Один из них, рыжий великан, обратил внимание на Уленшпигеля — тот, приняв почтительную-позу, сидел на своем Нефе и наблюдал за их игрой.
— Чего тебе, голодная твоя паломничья рожа? — спросил он.
— Я и точно здорово голоден, — отвечал Уленшпигель, — а паломничаю я не по своей доброй воле.
— Ежели ты голоден, так накорми свою шею веревкой, — посоветовал аркебузир, — вон она болтается на виселице, предназначенной для бродяг.
— Ежели вы, ваше высокоблагородие, дадите мне хорошенький золотой шнурочек с вашей шляпы, то я, пожалуй, повешусь, — молвил Уленшпигель, — но только впившись зубами в жирный окорок — вон он болтается у колбасника.
— Ты откудова путь держишь? — спросил аркебузир.
— Из Фландрии, — отвечал Уленшпигель.
— Чего ты хочешь?
— Хочу показать его светлости господину ландграфу одну мою картину.
— Коли ты живописец, да еще из Фландрии, то войди — я отведу тебя к моему господину, — сказал аркебузир.
Представ перед ландграфом, Уленшпигель поклонился ему раза три с лишним.
— Простите мне, ваша светлость, мою дерзость, — начал он. — Я осмелился прибегнуть к благородным стопам вашим, дабы показать вам картину, которую я для вас написал, — я имел честь изобразить на ней царицу небесную во всей ее славе. Я высокого мнения о своем мастерстве, — продолжал он, — а потому льщу себя надеждой, что работа моя вам понравится и что постоянным моим местопребыванием будет вот это почетное кресло красного бархата, в котором при жизни сидел незабвенный живописец, состоявший при благородной вашей особе.
Господин ландграф нашел, что картина превосходна.
— Ты будешь нашим живописцем, садись в то кресло, — решил он и от восторга поцеловал его в обе щеки.
Уленшпигель сел.
— Ты обносился, — оглядев его, заметил господин ландграф.

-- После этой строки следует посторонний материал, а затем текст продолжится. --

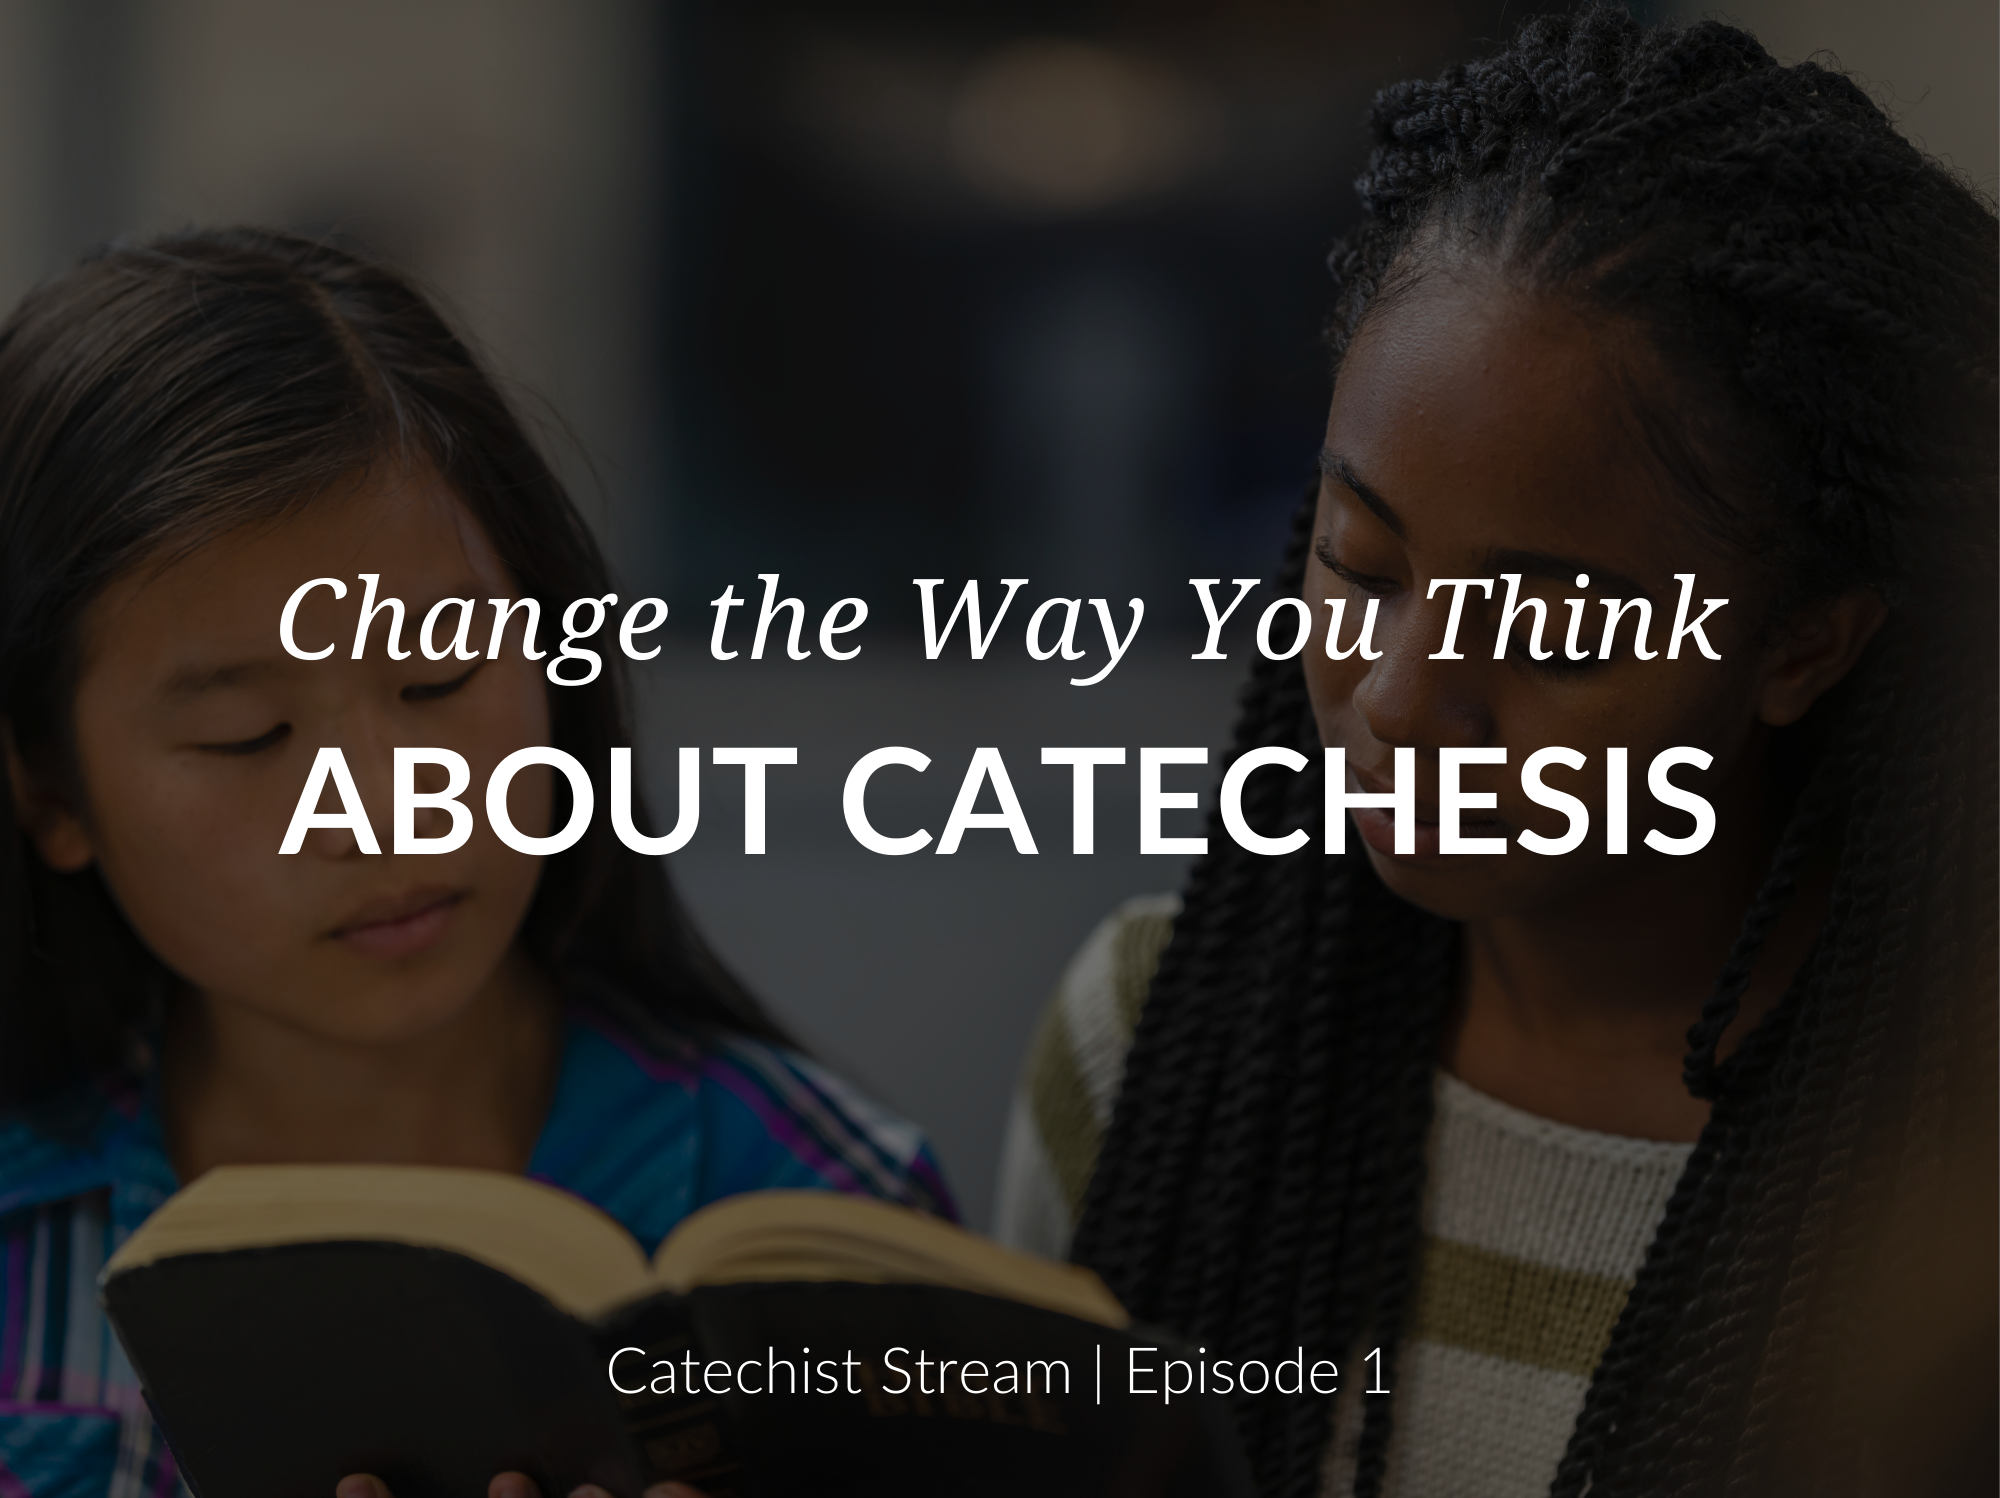 catechist-stream-change-the-way-you-think-about-catechesis

Уленшпигель же ему на это сказал:
— То правда, ваша светлость. Мой осел Иеф хоть репьями закусил, а я нахожусь в последней крайности и уже три дня питаюсь только дымом надежд.
— Сейчас ты сытно поужинаешь, — сказал ландграф. — А где твой осел?
На это ему Уленшпигель ответил так:
— Я оставил его на площади перед замком вашего великодушия. Я буду счастлив, если Иеф тоже получит на ночь пристанище, подстилку и корм.
Господин ландграф тот же час приказал одному из слуг ходить за Уленпшигелевым ослом, как за его собственными.
Немного спустя сели ужинать, и уж тут пошел пир горой! От яств валил пар, всевозможных вин — разливанное море.
Уленшпигель и ландграф были оба красны, как жар. Уленшпигель веселился, ландграф пребывал в задумчивости.
— Живописец! — неожиданно обратился к Уленшпигелю ландграф. — Я хочу, чтобы ты меня написал, ибо это великое утешение для смертного государя — оставить свой образ на память потомкам.
— Конечно, господин ландграф, для меня ваша воля — закон, — сказал Уленшпигель, — а все же я худым своим умишком смекаю, что показаться грядущим столетиям в одиночестве — это для вашего высокопревосходительства не столь большая радость. Вас надлежит запечатлеть вместе с доблестною вашею супругою, госпожою ландграфиней, с вашими придворными дамами и вельможами, с вашими наиболее заслуженными военачальниками, и вот в их окружении вы с супругой воссияете, как два солнца среди фонарей.
— Твоя правда, живописец, — согласился ландграф. — Сколько же ты с меня возьмешь за свой великий труд?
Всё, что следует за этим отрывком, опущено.